One of the most challenging questions for the mental health profession in recent decades has been the simplest: why are so many more children diagnosed with ‘special needs’ today than when we were children? There is no definitive “good” or “correct” answer to that question, but as many adults are discovering, many too late have suffered because they were misdiagnosed as children.

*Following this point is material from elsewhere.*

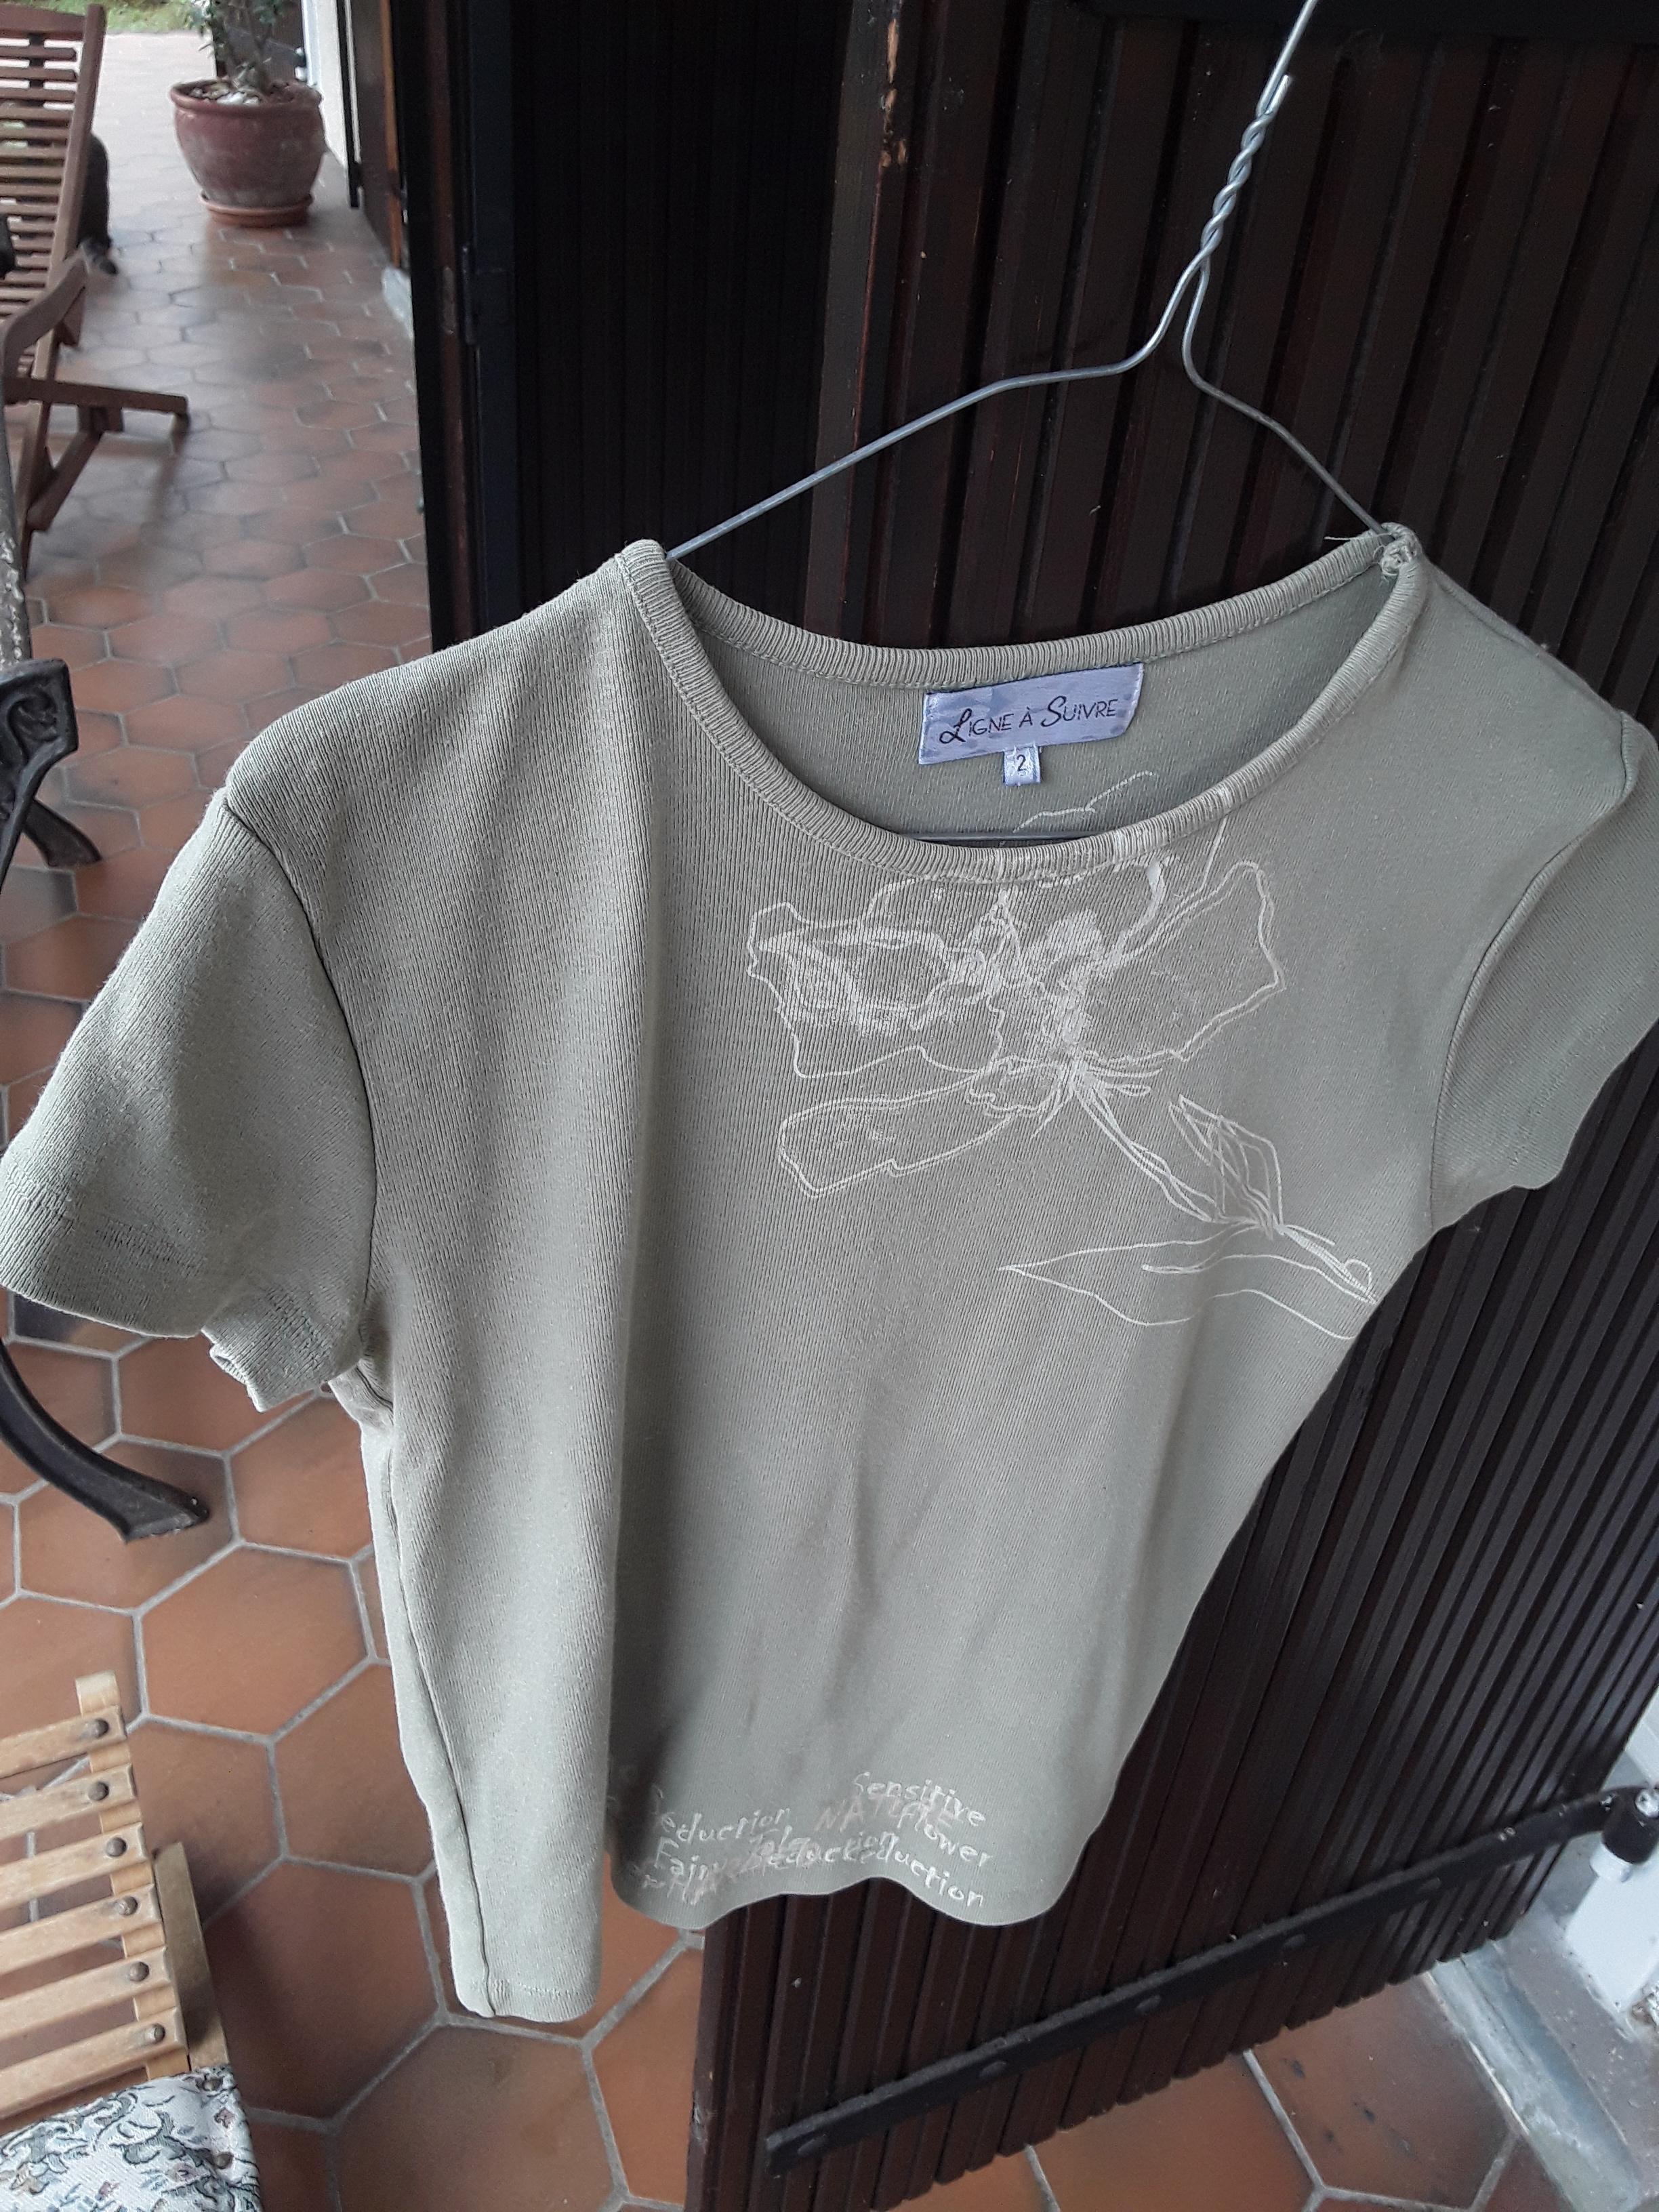 troc de troc tee shirt t 2 image 0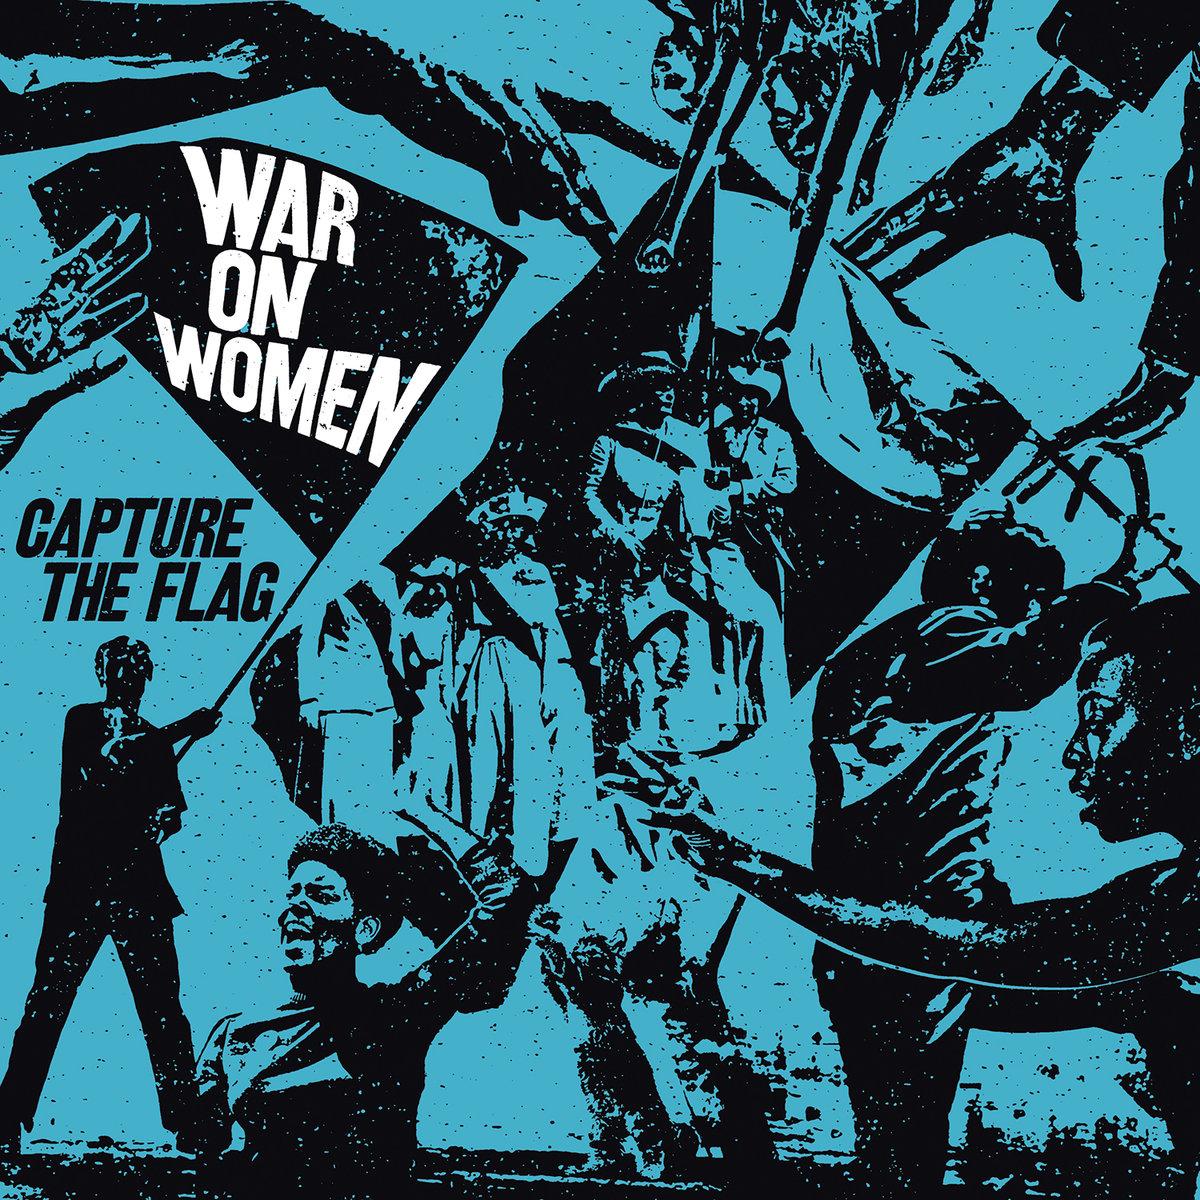 12. War On Women - Capture The Flag

Adult ‘Special Needs’ Checklist

If you have 6 or more of the following symptoms, consider seriously talking to your doctor about the possibility that you have a disability, such as ADHD, that prevents you from taking full advantage of your own potential. You do:

• Do you misspell, even when given enough time to correct yourself?
• Does it take a long time to get to the point in a conversation or, in particular, in an argument?
• Are you often accused of speaking too loud or too low?
• Do people make fun of you for using too many ‘filler sounds’ (ie ‘uh’, ‘um’, ‘you know’)?
• Do you have messy writing with lots of crossouts and erasures?
• Find yourself reading the same sentence or paragraph over and over because it didn’t make sense the first time?
• Do you mispronounce words often even though you know the correct pronunciation?
• Do you often fail to complete all the tasks assigned to you at work, even if you have a checklist?
• Do you often have to ask for instructions to be repeated after the task is supposed to be well advanced?
• Do you make many careless mistakes, to the point where you are accused of not caring about it?
• Confuse letters and numbers with a similar appearance?
• Do you write letters, memos, or instructions in a disorganized and confusing way?
• Do you lose important things regularly, even after making an effort to control them?
• Don’t understand charts and graphs?
• Do you lose count, underestimate or overestimate how much time has passed or how long will / should a task take?
• Do you get lost often?
• Mix right and left regularly?

Why get a diagnosis now?

You may feel that it is too late for you: At 35 or older, it may seem like you are beyond the reach of most forms of intervention. But the truth is that many adults with minor to moderate disabilities only discover their condition because they recognize their own traits in the diagnostic tests used on their children. For adults in that situation, receiving a formal diagnosis can be a major psychological step forward in their lives: from seeing themselves as “unlucky” or “doomed” to seeing themselves as having a definite challenge that can be understood and surpassed.

The inherent power of having a name to give your problems – or, more fundamentally, recognizing that your problems have a definite source – is often incredibly liberating for an adult with a learning disability. There is a lot of knowledge about these disabilities; Once you understand that it applies to you, you can use it to great effect.